The décor and menu at Madame Fu transport you back to the Roaring 20s to enjoy delicious dining in style and comfort

Good Eating

Madame Fu Grand Café Chinois

Shop 03 Block 3, 10 Hollywood Road, Central

2114 2118

Madame Fu is a restaurant with lounges, bars and private dining on the top floor of a former barrack block. There was some initial confusion about the existence of lifts to the restaurant. I was pointed in the vague direction and told “in the middle”. I ended up in a cargo lift and had to walk past the restaurant kitchen. It turns out there is a guest lift that I missed!

The restaurant interior was a pleasant surprise. It is cosy and breezy at the same time – no doubt due to the palm tree standing proudly in the middle of the room. Vivid artworks by Beijing abstract artists such as Mao Lizi, Yuan Zuo, Feng Lianghong and Li Di adorn the walls and seats were comfortable.

The menu and the décor of the restaurant is a nod to “Roaring 20’s” Shanghai with a whiff of the west in the desserts which feature sweets such as crème brûlée and chocolate cake.

We opted for starters of crispy pork belly served with mustard sauce (HK$120), the deep-fried baby oyster mushrooms drizzled with honey (HK$85), and the salt and pepper crispy tofu (HK$75).

The deep-fried baby oyster mushrooms was a wow moment. It reminded me of the typical Shanghainese baby river eels deep fried in light batter. But once you bit into the crispy and honey-sweet batter, the aroma and taste of the oyster mushrooms was pungent and delicious.
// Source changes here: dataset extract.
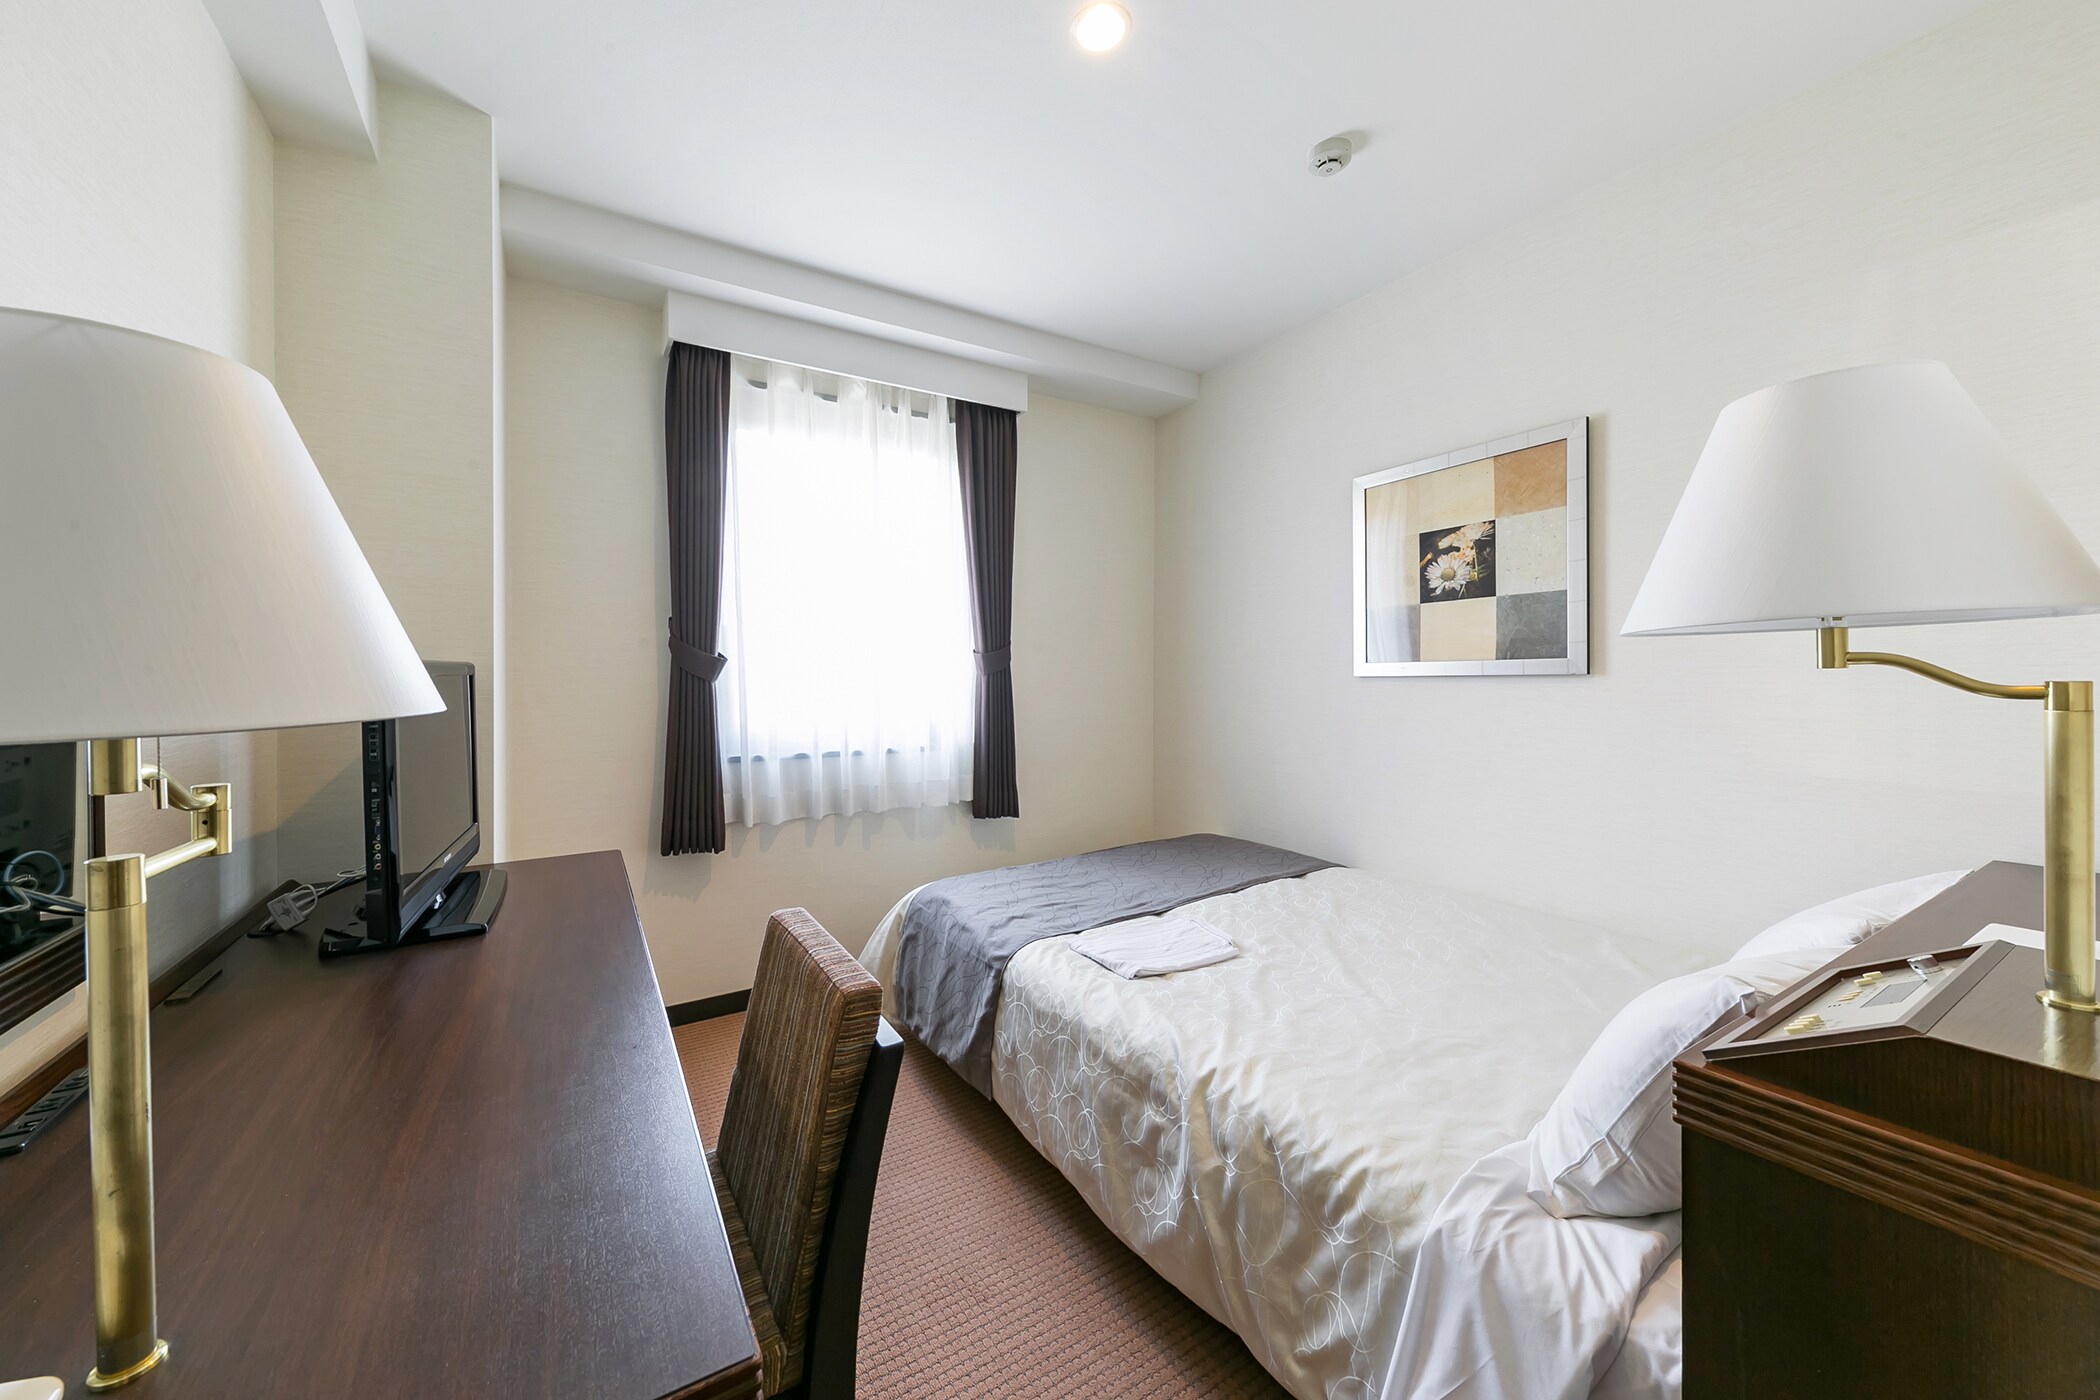 Single room (semi-double room) 15.1 sqm / 140 cm wide bed
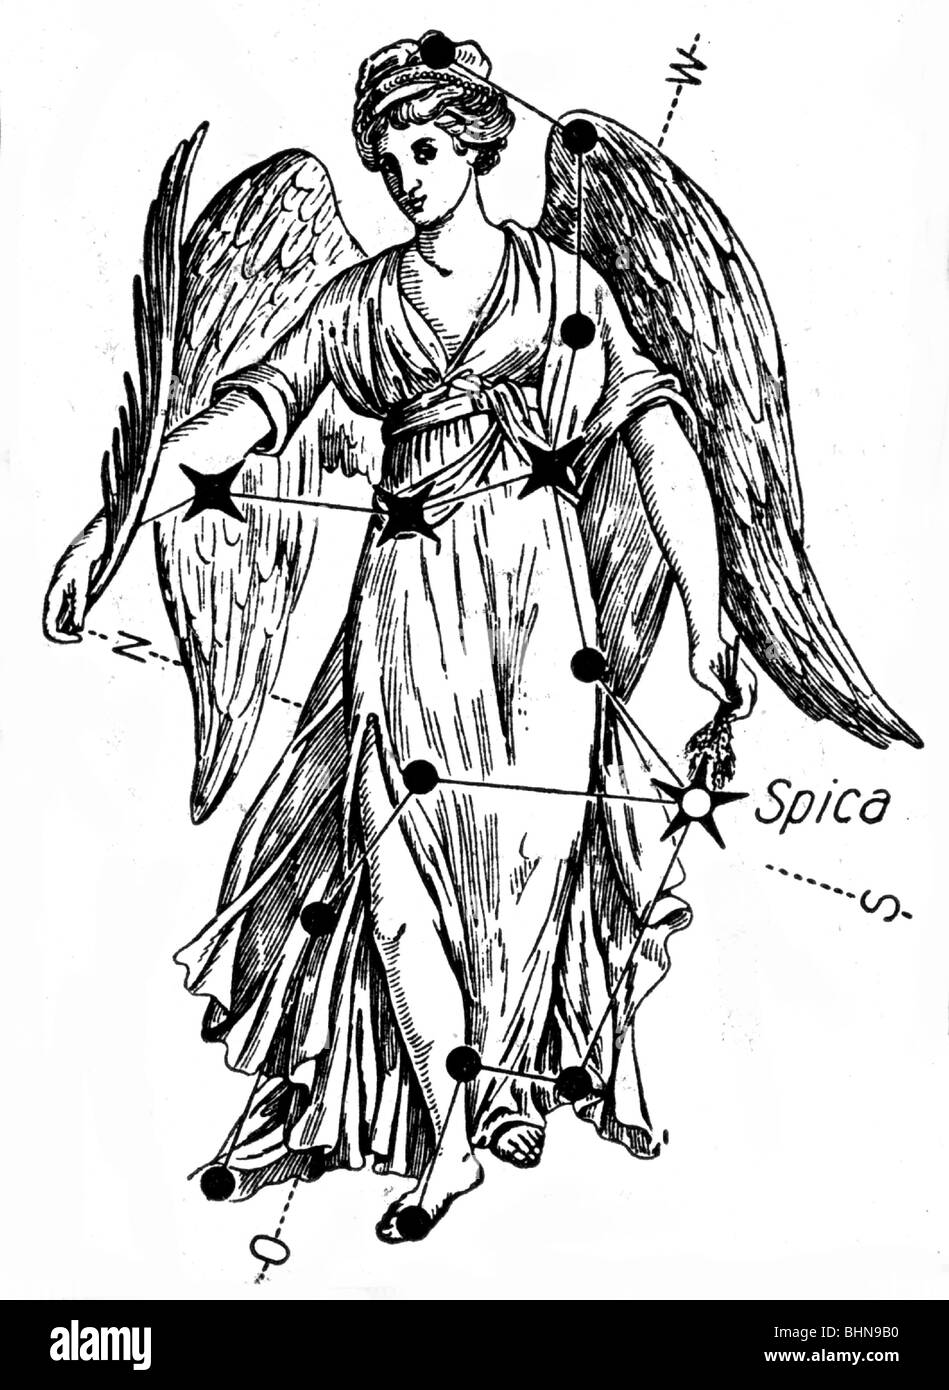 astrology, zodiac, sign of zodiac: Virgo, the Virgin, Uranographia, 1801, Stock Photo

The rice stew with abalone and minced duck (HK$258), and steamed grouper fillets with glass noodles and fresh chilli (HK$380), were also winners.

The pièce de résistance was the rice stew served with four small abalones on top. The rice had fully absorbed the gravy but remained at a comfortable level of dryness. The little bits of minced duck and spring onion added depth to the dish’s texture. We ended our meal with a generous serving of aromatic osmanthus tea fragrant jelly (HK$45).